5月29日のコラムでマイケル・ハドソンの『文明の運命-金融資本主義、産業資本主義、または社会主義-』(原題:"The Destiny of Civilization: Finance Capitalism, Industrial Capitalism, or Socialism")を紹介しましたが、最近になって読み終えました(もう一つの著作『超帝国主義-アメリカ帝国の経済戦略-』(原題:"Super Imperialism: The Economic Strategy of American Empire")はこれからです)。私が理解する限り、この本における主題は新自由主義的金融資本主義・アメリカと社会主義的産業資本主義・中国の対決です。ハドソンは、産業資本主義は社会主義に移行する可能性を持っていると理解(ただし、その点についての詳しい説明・展開はこの本の中にはありません)しており、今の中国は社会主義国ではあるけれども、経済的には産業資本主義段階にあると考えているようです。そして、新自由主義に基づく金融資本主義の総本山であるアメリカが、その金融資本主義によって世界支配を追求しているのに対して、世界第2位の経済大国である中国は産業資本主義を堅持しており、今日の「冷戦」の本質は新自由主義的金融資本主義の世界支配か否かの対決である、というのがハドソンの認識です。

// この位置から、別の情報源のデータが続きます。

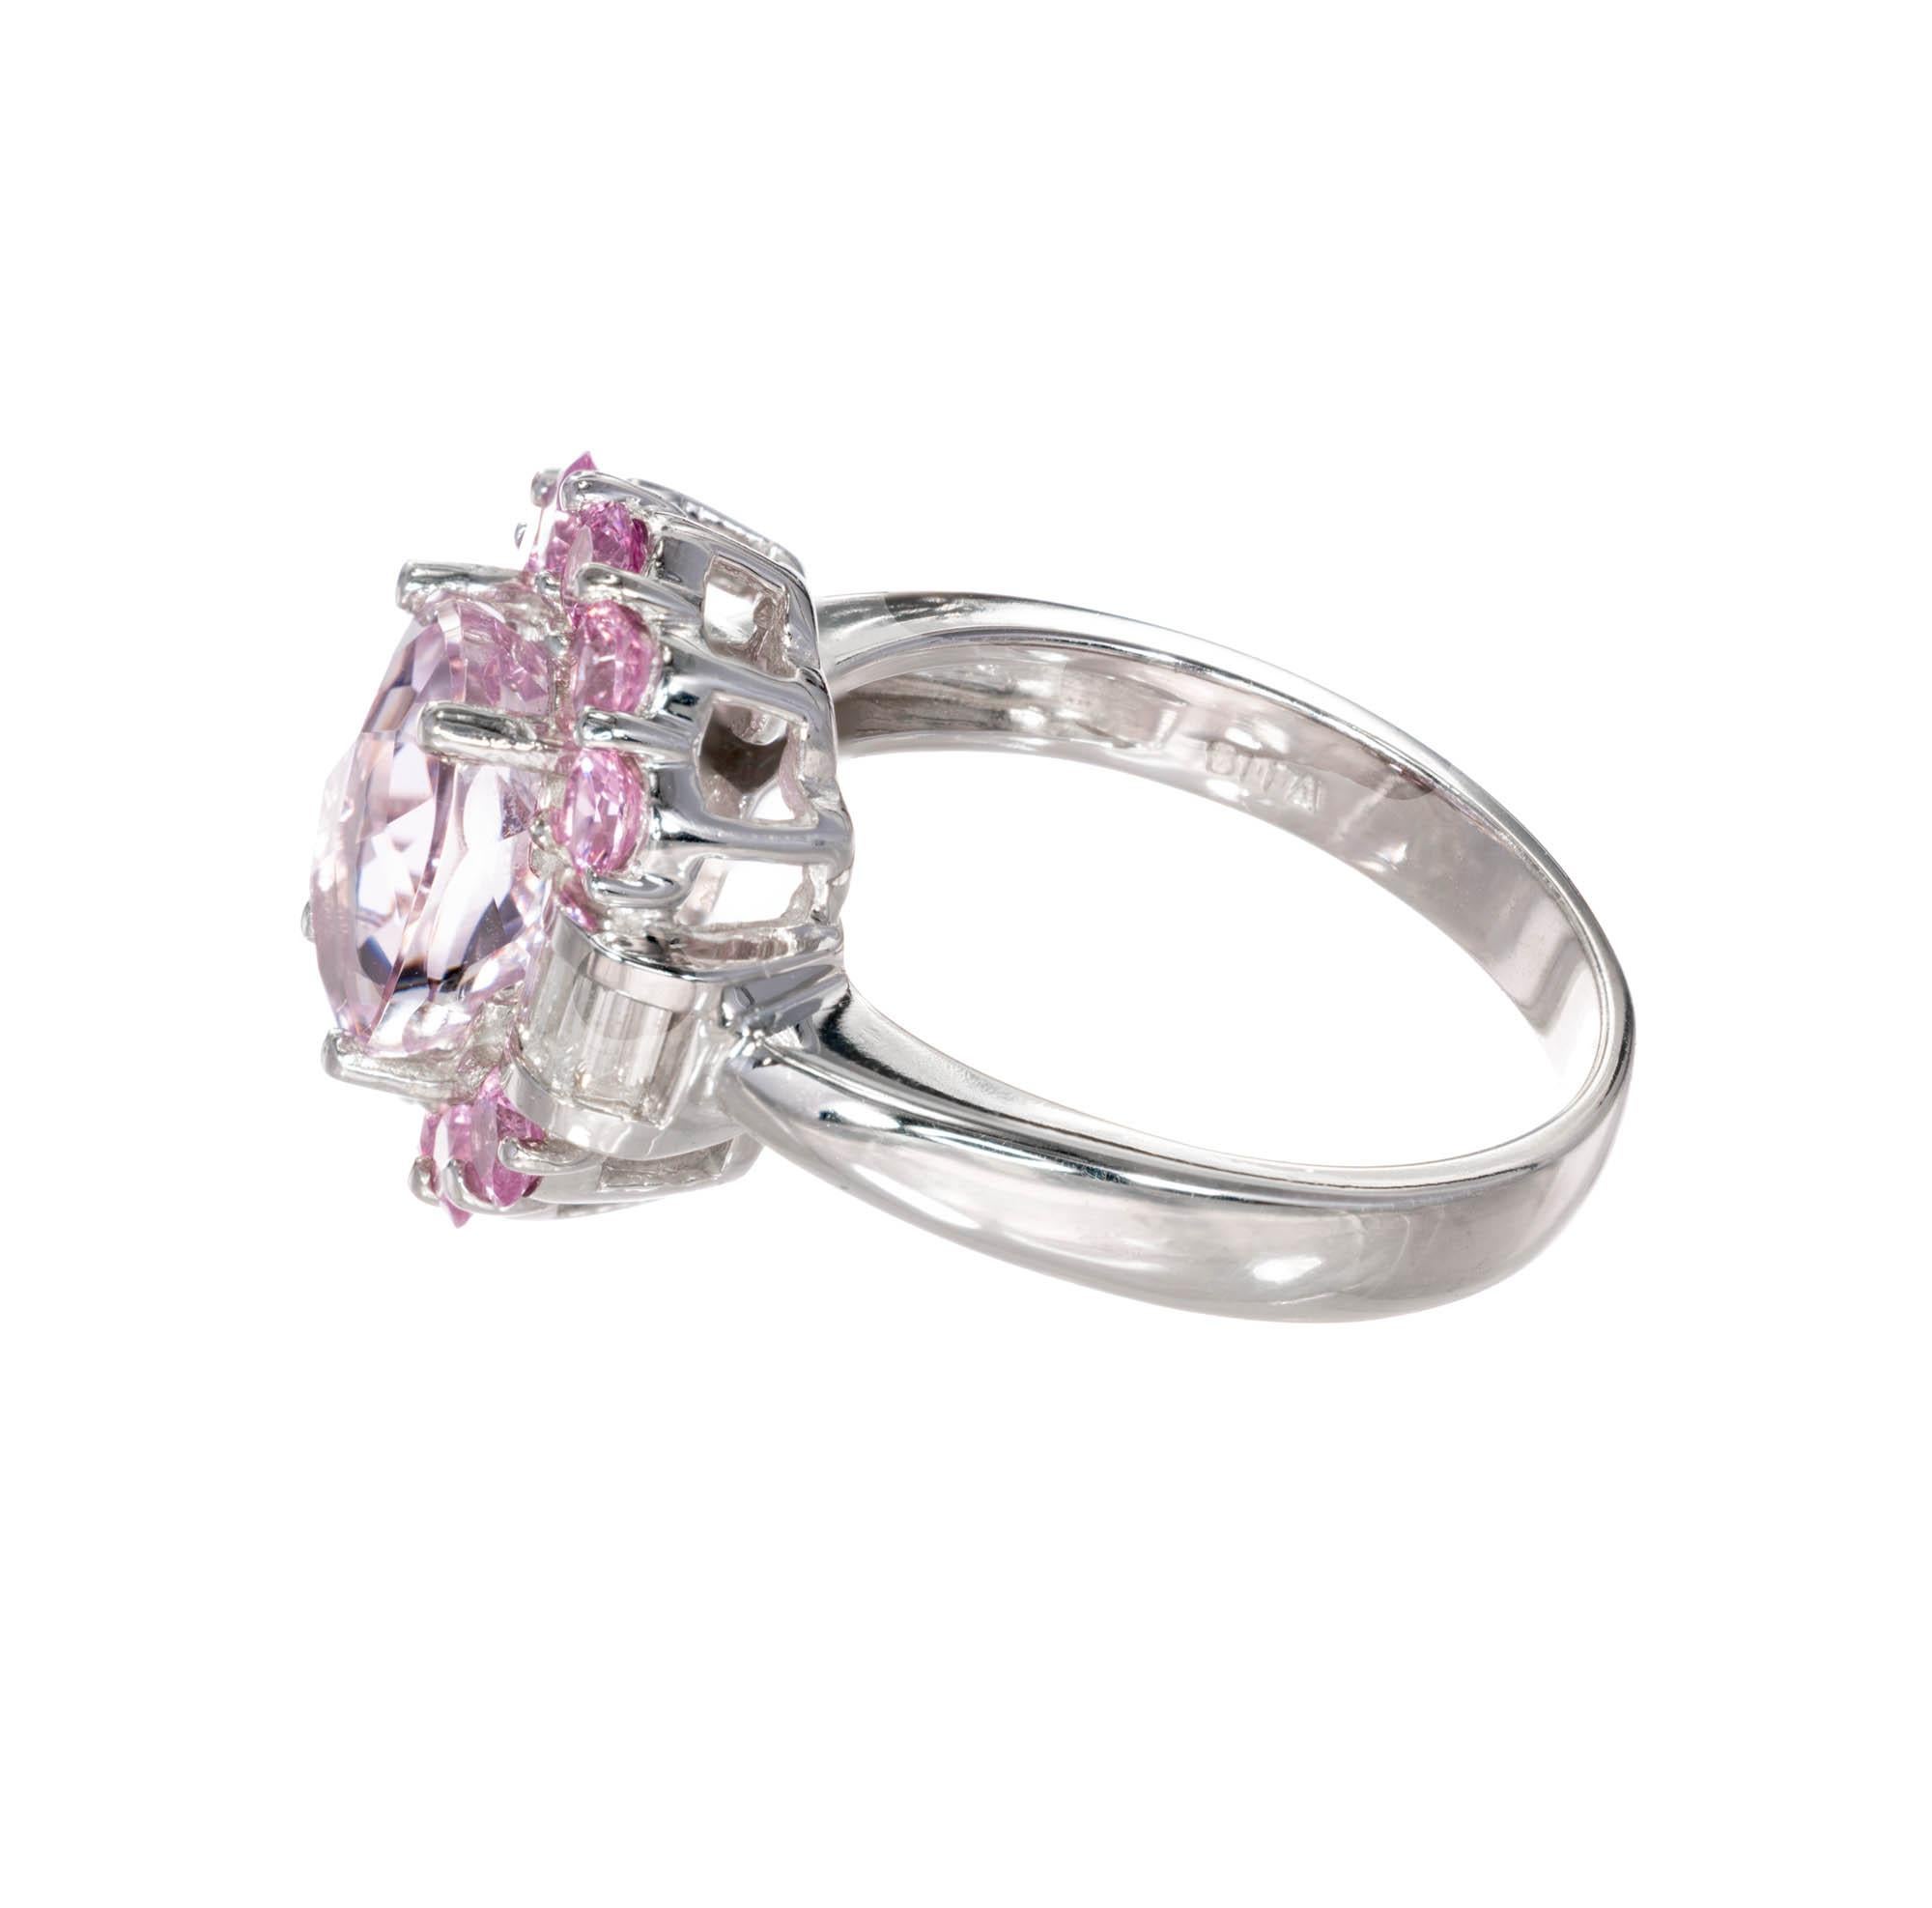 Oval Cut 2.75 Carat Amethyst Diamond Sapphire Halo White Gold Engagement Cocktail Ring For Sale

 私はこの本を読むことで、中国に対する理解・認識を深める上での新たな視角を教えられた感覚を得ました。とりわけ、習近平がとりわけ強調する「中国特色社会主義思想」「中国式現代化」の本質と意義に関する理解を深める手がかりを得たと思いました。そのことを確認したく、これまでに収集してきた中国側の文献を読み込む作業を試みました。しかし、「言うは易く、行うは難し」で、ずいぶん時間がかかりました。まだまだ不十分なのですが、現在の時点における私の理解を紹介します。

<習近平の講話・発言>

 習近平は2023年に入ってから、中国式現代化を含む中国特色社会主義思想の本質と意義にかかわって、4つの重要な講話・発言を行っています。すなわち、①20回党大会精神研討セミナー開講式(中国語:"党20大精神研討班開班式")で行った、中国式現代化の正しい理解と推進に関する講話(2月8日)、②広東での調査研究を踏まえた実体経済(浅井:ハドソン流に言えば産業資本主義)重視の発言(4月13日)、③「文化伝承発展座談会」における中華伝統文化に焦点を当てた講話(6月2日)、④「中共中央政治局第6次集体学習」(テーマ:マルクス主義の中国化・今日化の新境界を切り開く問題)における、「マルクス主義という魂脈と中華優秀伝統文化という根脈」という新しい提起を行った講話(6月30日)です。その内容をまず整理、紹介します(強調は浅井。以下同じ)。
(2月8日講話)
18回党大会以来、既存の基礎に立って理論及び実践上の創新・突破を不断に実現して認識を深め、新時代の中国特色社会主義思想を創立し、マルクス主義の中国化における飛躍を実現し、中国式現代化の根本的拠り所を提供した。これにより、中国式現代化の内容及び本質に関する認識が深まり、その特色、本質的要求及び重要原則の輪郭が形成され、その理論体系が初歩的に構築され、そのための制度的保障、物質的基礎、主体的精神力が得られた。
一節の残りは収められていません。